We can also optionally perform an image enhancement method of our choice, for example using a contrast-limited adaptive histogram equalization (CLAHE), which must be performed separately for each channel.

I7(:,:,1) = adapthisteq(I6(:,:,1));
I7(:,:,2) = adapthisteq(I6(:,:,2));
I7(:,:,3) = adapthisteq(I6(:,:,3));

Finally, we can display the image before and after the white balance, before and after histogram equilization using

t = tiledlayout(2,2, ...
   'TileSpacing','compact');
nexttile, imshow(I3)
nexttile, imshow(I5)
nexttile, imshow(I6)
nexttile, imshow(I7)

print -dpng -r300 mapirsurvey3_615_490_808_1.png

We can also display pseudocolor plots of the three channels orange, cyan and near infrared without adaptive histogram equalization:

cmap = 'jet';
t = tiledlayout(2,2, ...
   'TileSpacing','compact');
nexttile, imshow(I6(:,:,1))
title('615 nm - Orange'), colormap(cmap)
nexttile, imshow(I6(:,:,2))
title('490 nm - Cyan'), colormap(cmap)
nexttile, imshow(I6(:,:,3))
title('808 nm - NIR'), colormap(cmap)
nexttile, imshow(I6)

print -dpng -r300 mapirsurvey3_615_490_808_2.png

Alternatively, we can display pseudocolor plots of the three channels orange, cyan and near infrared after adaptive histogram equalization:

cmap = 'jet';
t = tiledlayout(2,2, ...
   'TileSpacing','compact');
nexttile, imshow(I7(:,:,1))
title('615 nm - Orange'), colormap(cmap)
nexttile, imshow(I7(:,:,2))
title('490 nm - Cyan'), colormap(cmap)
nexttile, imshow(I7(:,:,3))
title('808 nm - NIR'), colormap(cmap)
nexttile, imshow(I7)

print -dpng -r300 mapirsurvey3_615_490_808_3.png

In the last mosaic of images, you can clearly see that the red areas on the rock sample reflect more strongly in the orange wavelength range, while the quartz reflects more strongly in the cyan range, as expected.

References

Trauth, M.H. (2025) MATLAB Recipes for Earth Sciences – Sixth Edition.

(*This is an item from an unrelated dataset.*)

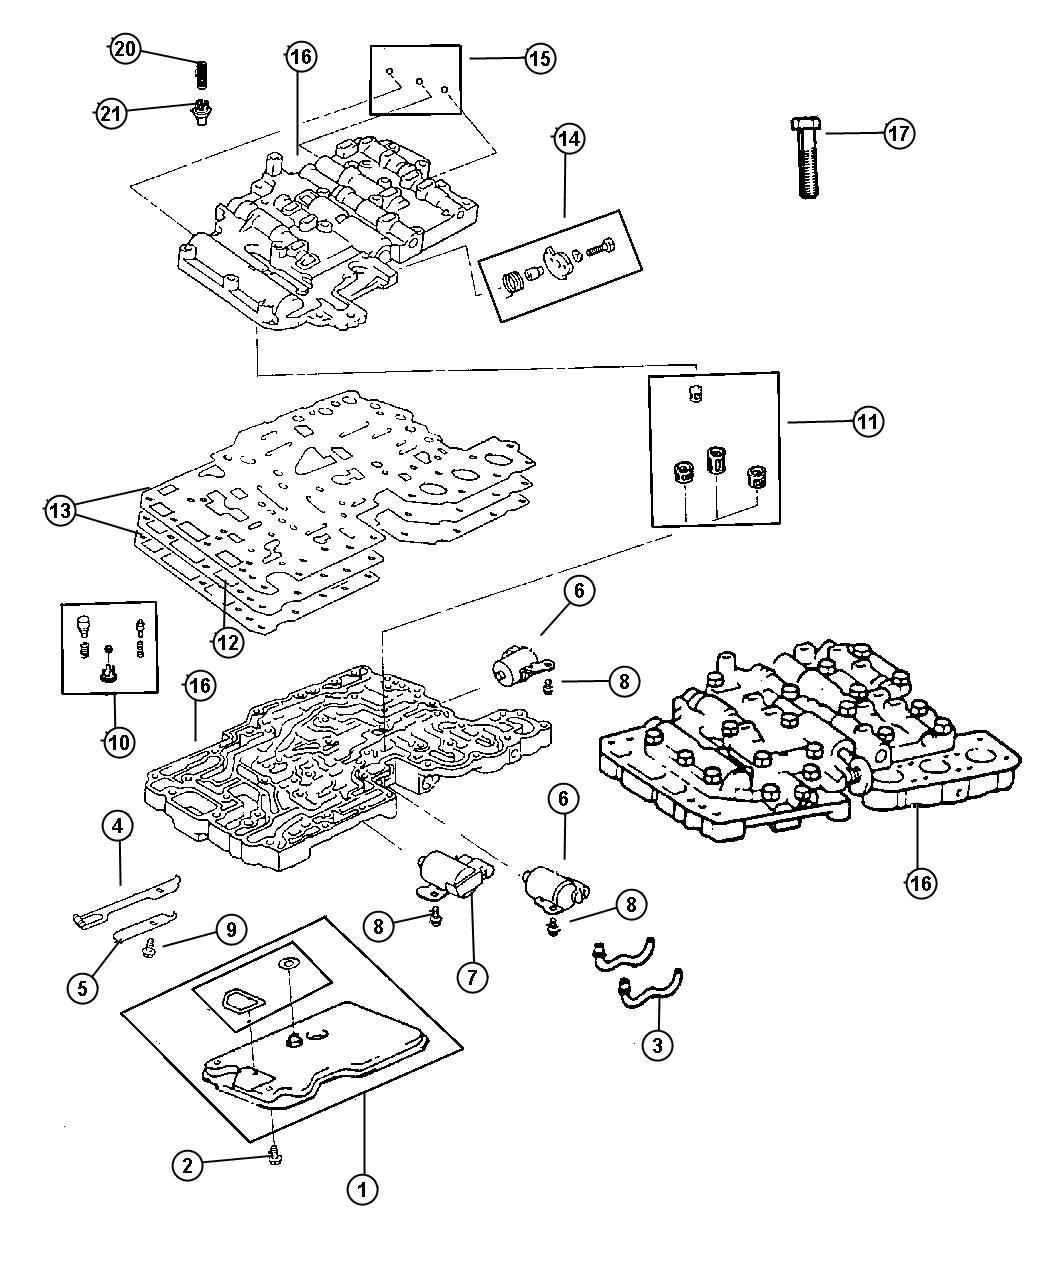 aw4 transmission solenoid wiring diagram

Springer International Publishing, 567 p.

Trauth, M.H. (2021) Signal and Noise in Geosciences, MATLAB Recipes for Data Acquisition in Earth Sciences. Springer International Publishing, 544 p.

Zuiderveld, K. (1994) Contrast Limited Adaptive Histograph Equalization. Graphic Gems IV. San Diego: Academic Press Professional, 474–485.